On the eighth day, both boys meticulously recorded a “conversation with a prisoner” in their diaries. They had learnt the prisoner’s name, and they had learnt that he had been a prisoner a long time, longer than he could remember. They had learnt that Madame de Silentio had imprisoned this man, and that the man wished to be freed. And they wished to free him.
Madame de Silentio, Charles wrote in red ink, beneath that day’s diary entry. Why did you do this to Reynardine?
Madame de Silentio stuck to her policy of not responding to diary entries.
The teachers suggested keeping a close watch on the boys, but Madame de Silentio insisted that they were intelligent boys undergoing a thought experiment, that they were not seriously planning to do anything.
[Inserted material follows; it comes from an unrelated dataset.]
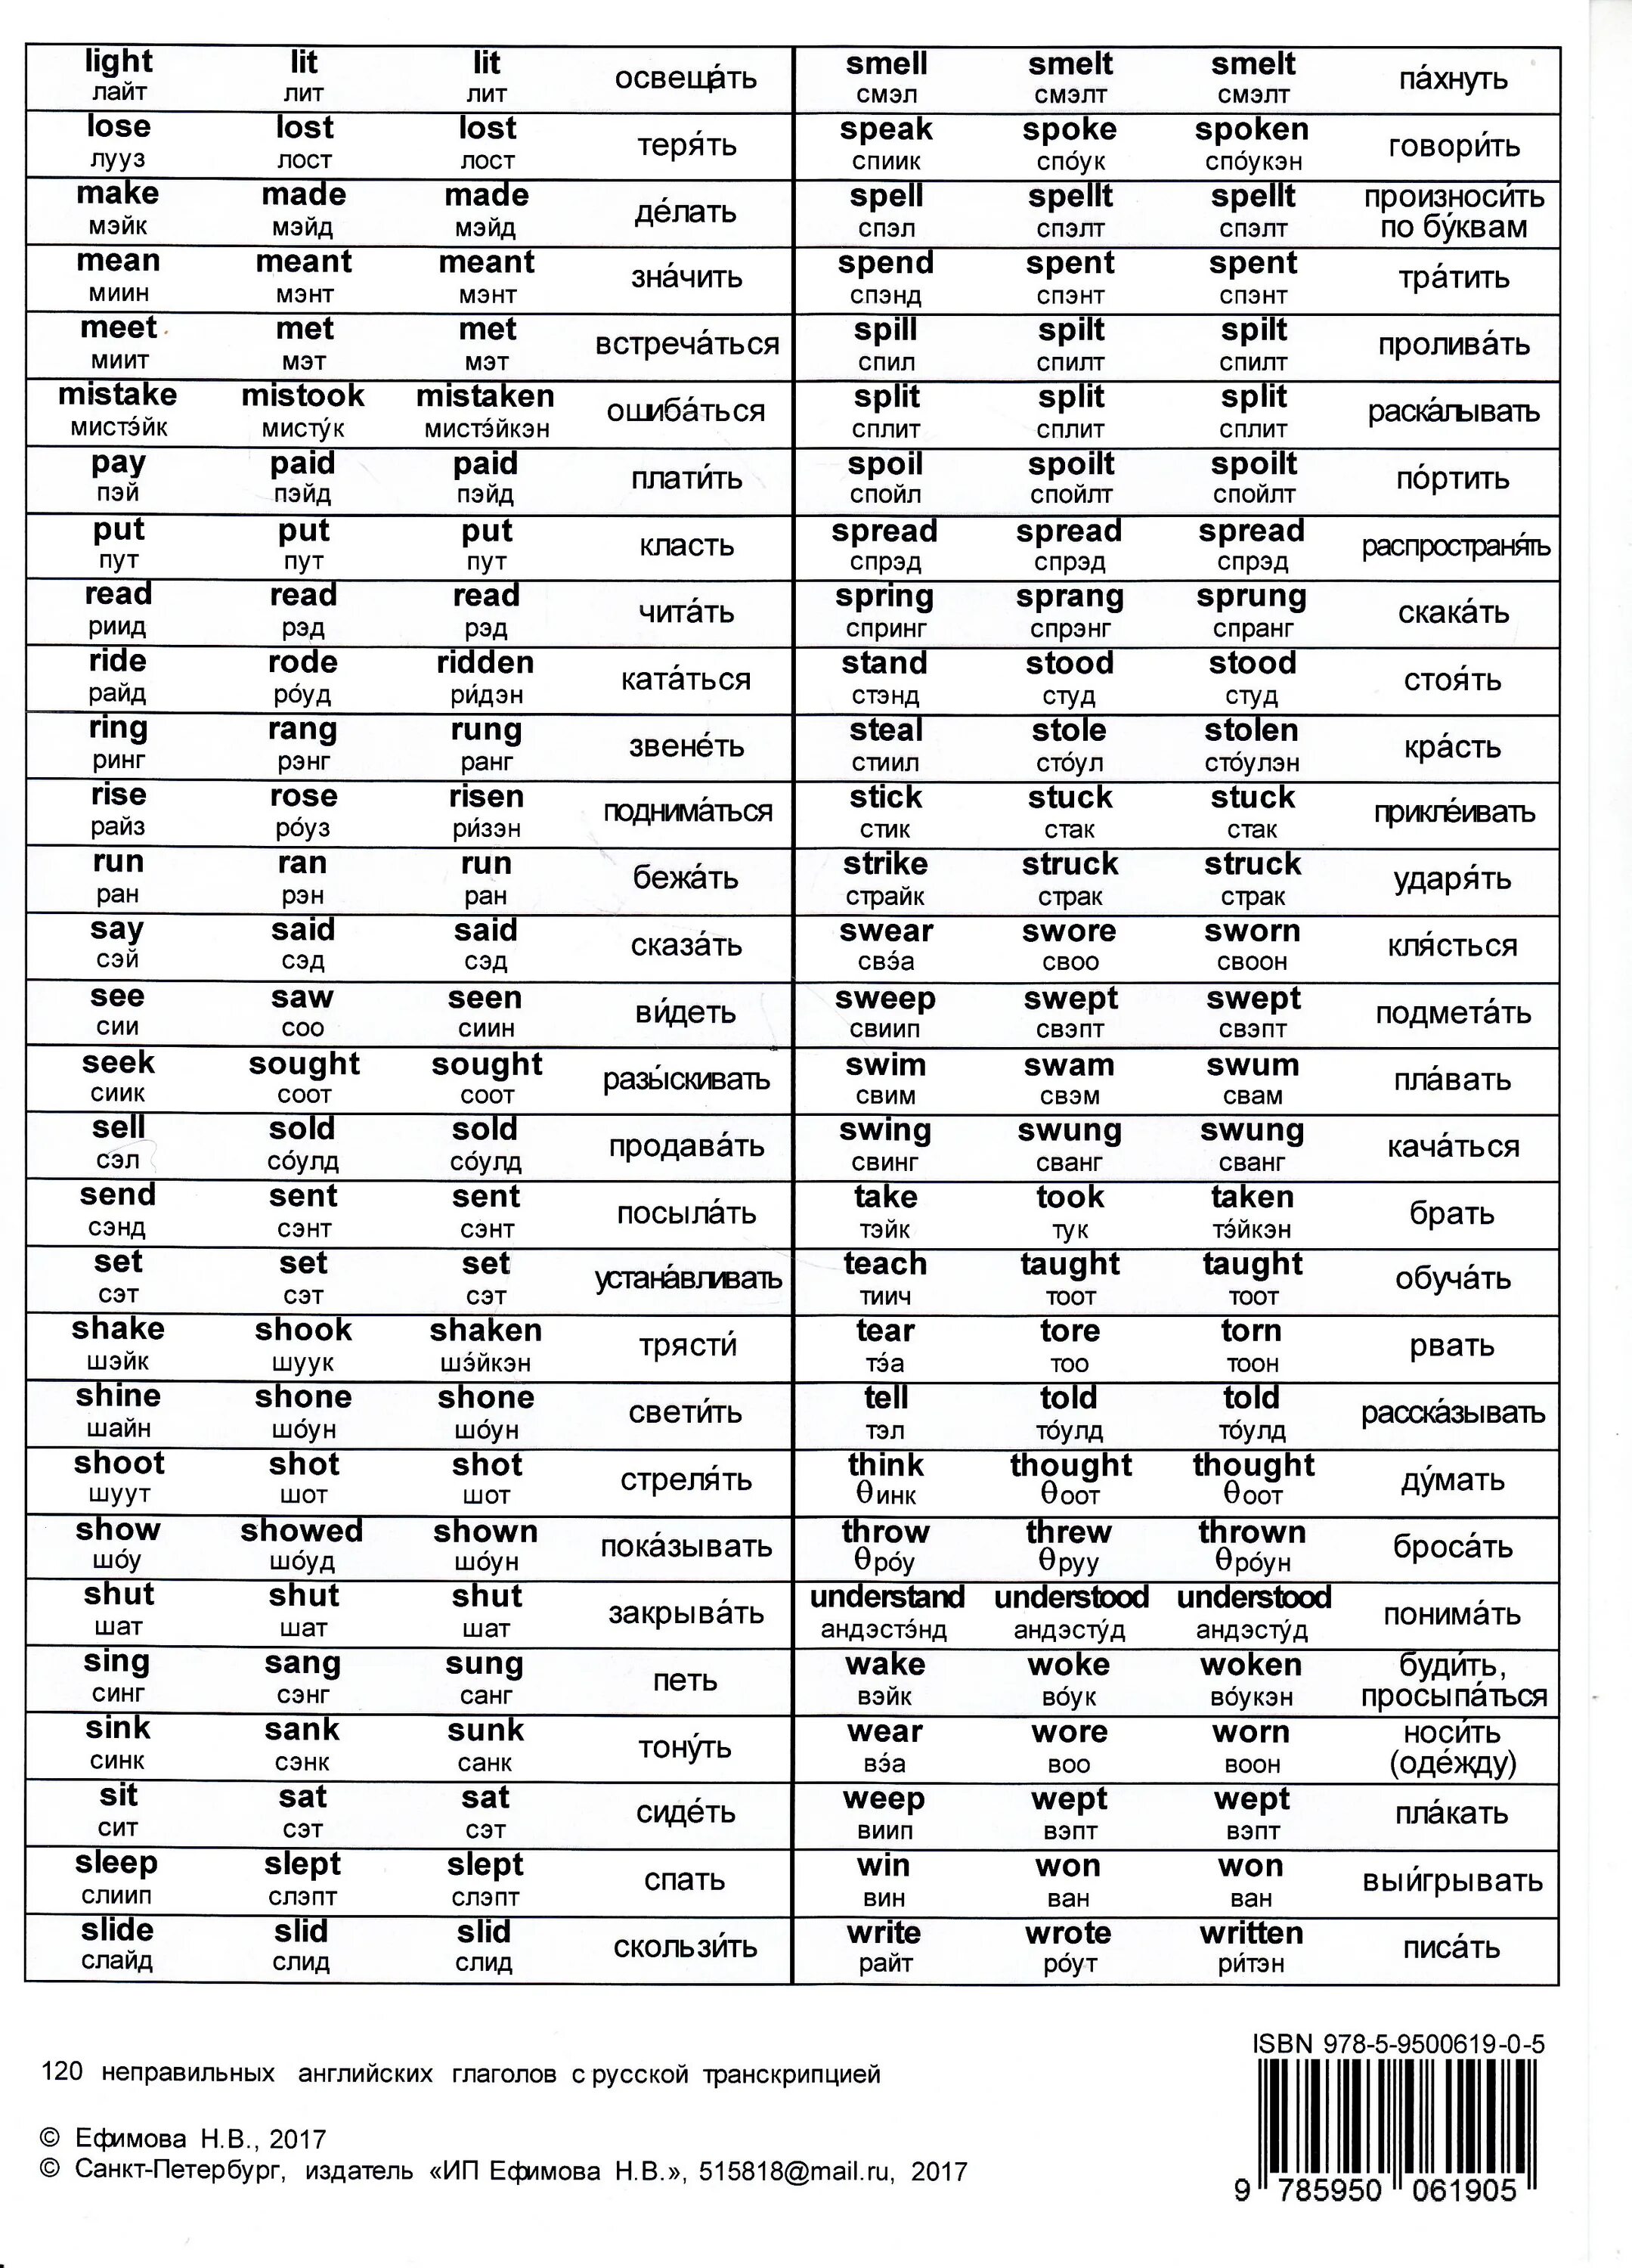 Английские глаголы аудио. Таблица неправильных глаголов англ. Таблица неправильных глаголов в англ языке. Таблица неправильных глаголов англ с переводом. Таблица неправильных глаголов с транскрипцией и переводом.

The teachers kept the boys under close observation anyway.
Charles and Charlie didn’t return to the lake for quite some time. If it were not for the fact that they knew the man’s name was Reynardine, I would say the “conversation with a prisoner” recorded in their diaries is a fabrication, and an artless one at that. It looks fake to me; the tone of the exchange is almost unbearably stilted. But then the entire situation is unusual. And if the conversation was indeed a fabrication, it’s difficult to establish where else they could have got the name Reynardine from.
The boys must have developed some system of passing notes that made them feel safe — perhaps they found a hiding place — either way, they stopped corresponding in code. Flurries of extant notes are filled with guesses at the relationship between Reynardine and Madame de Silentio and, oddly, a semi-serious argument about Reynardine’s face beneath his mask. He must be like a freak — a fish, Charles wrote to Charlie. He can breathe down there. He can speak. Charles writes to Charlie of having swum down with a diving light between his teeth and spoken face-to-face with the prisoner, of having held the padlock that bound him in both hands, of testing the mechanism inside with a fingernail while Reynardine breathed bubbles in his ear. This in the darkness of three a.m., while the rest of the school — including the heavily dosed Charlie Wulf — snored. . I can’t imagine.